When they became scratched and acquired crackles and skips and pops, the record companies did not take the position that I had already bought the music and just needed the media replaced.
Within a few years, I had switched to cassette tapes, in order to be able to play my music in my car, and because tapes lasted longer than vinyl albums. (Actually, the best solution was to buy vinyl albums and immediately record to cassette tape and then play the cassette tape, although the purists would point out that you’d get some sound quality deterioration any time you make an analog copy like that). Not only did the companies not take the position that since I’d bought this music on vinyl I only needed to pay for the new media, they also made me re-buy cassette tapes at full price if the tape got eaten by the cassette player or got damaged by leaving it out in a hot car in the summer.
And then CDs came out. Did the recording companies accept my possession of cassette tape or vinyl album as indication that I’d already paid for the music and just charge me the cost of the CD media when I went in to re-buy these albums yet again in the form of CDs? Nope. Guess what? I just stuck with my old cassette-tape library, I just wasn’t all that interested in repurchasing everything all over again.
A few years later, when I acquired a CD burner, I began the slow process of digitizing the analog sound from the cassette tapes that were in the best condition and burning my own audio CDs. I figured when I was done I’d start buying new CDs, but at that rate it would be 2009 before that happened.
So one fine day someone figures out that you can take a 28 MB AIFF file and compress it to a 3 MB .mp3 file that sounds just as good, and that means the music of a whole audio CD fits easily on your hard drive and is practical to download and upload over the internet, and there are no media costs involved. Having already paid for DSOTM, Fragile, Zoso, Leftoverture, etc., many times over, I lost no time acquiring for myself digital versions, believe me!

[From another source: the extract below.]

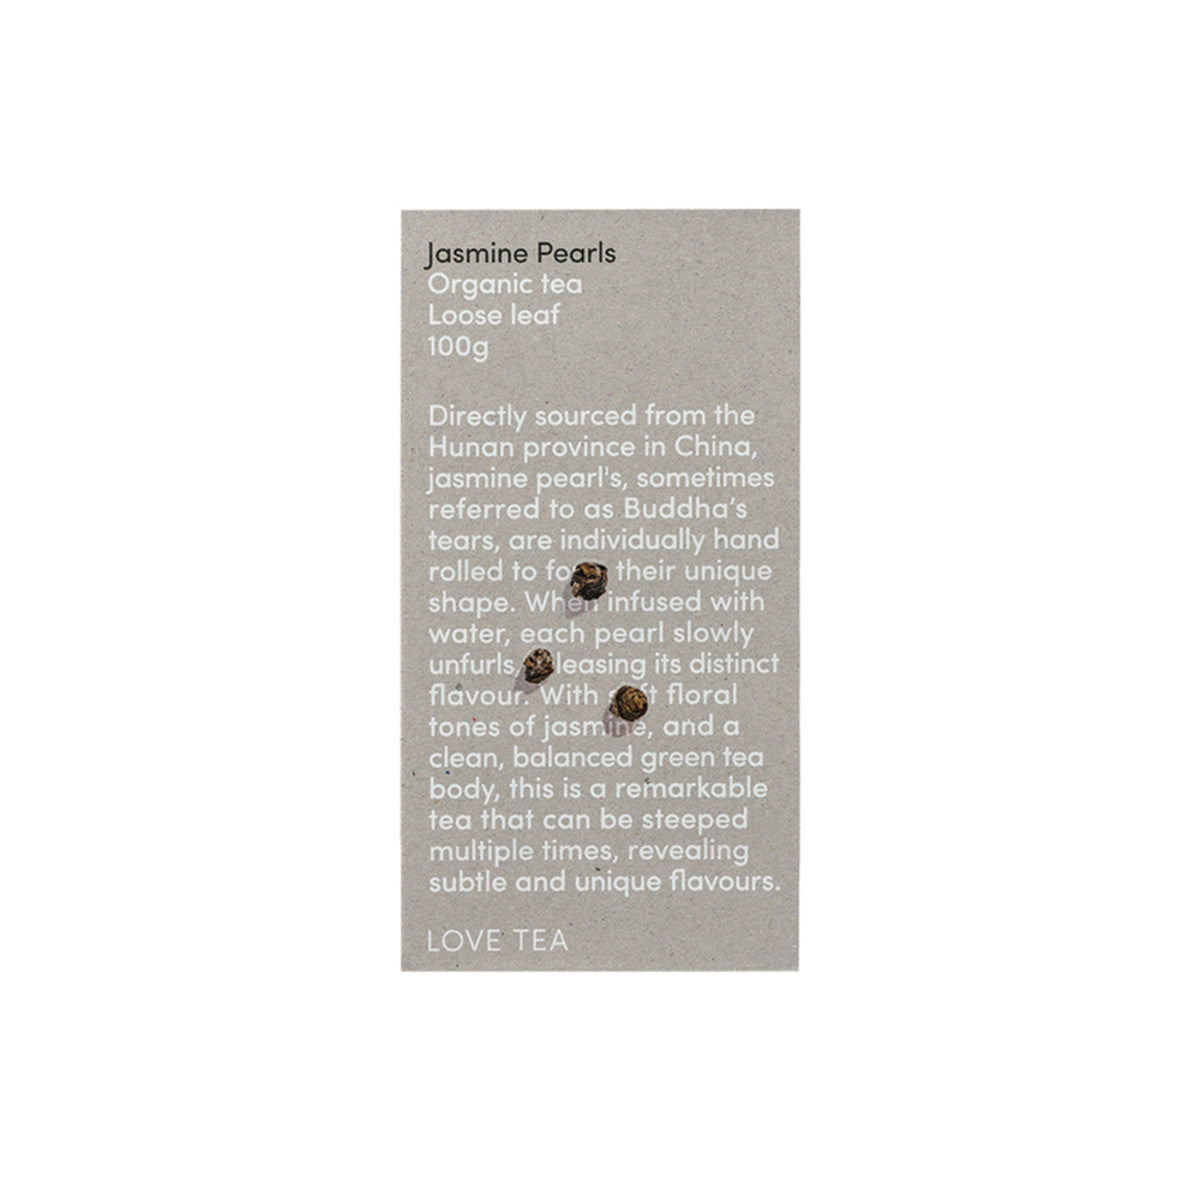 Organic Jasmine Pearls Tea Loose Leaf 100g

And what do you expect? Gee whiz, the recording companies are now very upset. “But you haven’t paid for this music, you evil pirates! We know there is no transfer of media involved, but it’s the music that counts”. Uh huh.
Dear Music Industry:
a) You greedy bastards owe us big-time for all the times we had to buy and rebuy our favorite music at full price when the only way to reacquire the music was to buy it on media. What you did then may have been legal and what you’re doing now may be legal, but this is a big part of why you don’t see many hearts bleeding for you over your revenue-losses to file sharing.

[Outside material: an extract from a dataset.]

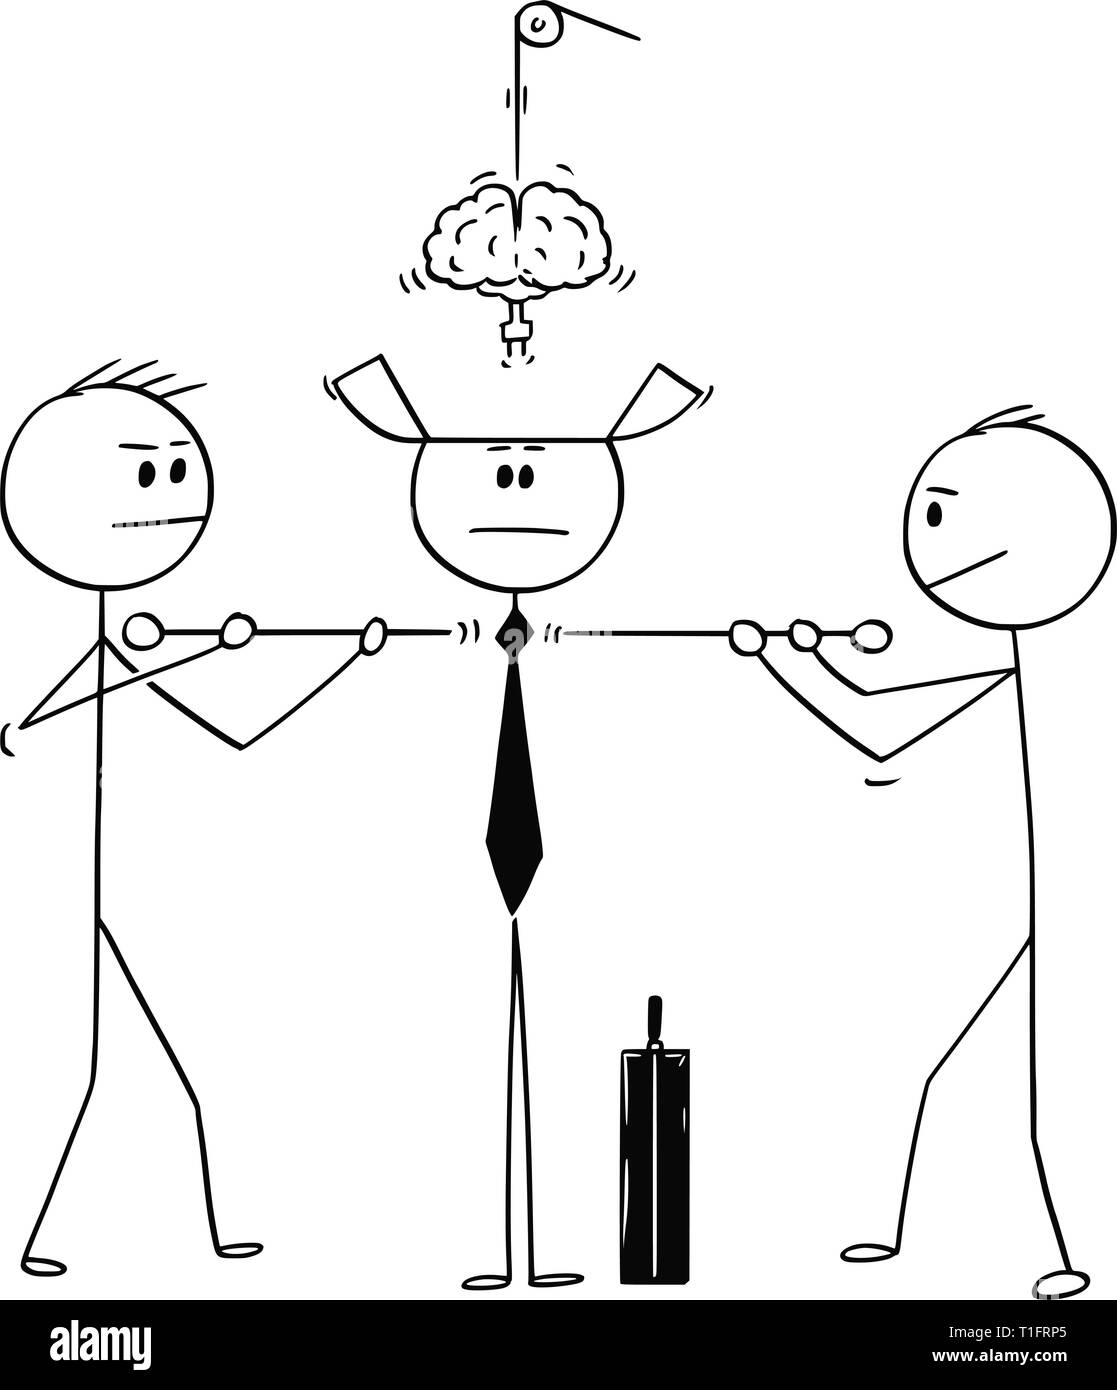 Cartoon Strichmännchen Zeichnung konzeptuelle Abbildung von zwei Techniker konstruieren oder Zusammenfügen Geschäftsmann oder Politiker von Teilen. Stock Vektor

b) Your credibility would increase 90-fold if you made every song in your song vaults available for individual, by-the-song download at a reasonable price. You do that, and I’ll nod and embrace the new world where music is purchased by the music. The Apple Store model isn’t bad but I don’t want proprietary formats and time-limited copies that won’t play when I’m older; and it hasn’t escaped my notice that it’s a computer company that’s doing this and not the recording industry itself. You’re still selling music on media and clinging to that business model with great determination. Can I log into your corporate site right now and pay for and download a copy of the Stones’ “It’s Only Rock and Roll (but I like it)”? Nope. Do I want to go into the music store and buy a whole CD to get that one song, just so I can convert it to .mp3 and put it with the rest in my compilation? Nope. Do I want to buy and install Jaguar to get iTunes and Apple Music Store connectivity to download a copy of the tune in that weird proprietary format that won’t play in my preferred audio player and which has some kind of expiration date built into it, and burn a CD of it so I can convert it from CD to .mp3? Nope.
In short, y’all got a point, but it’s kind of dull and blunt and doesn’t pierce much. You aren’t making any of this easy on us or yourselves.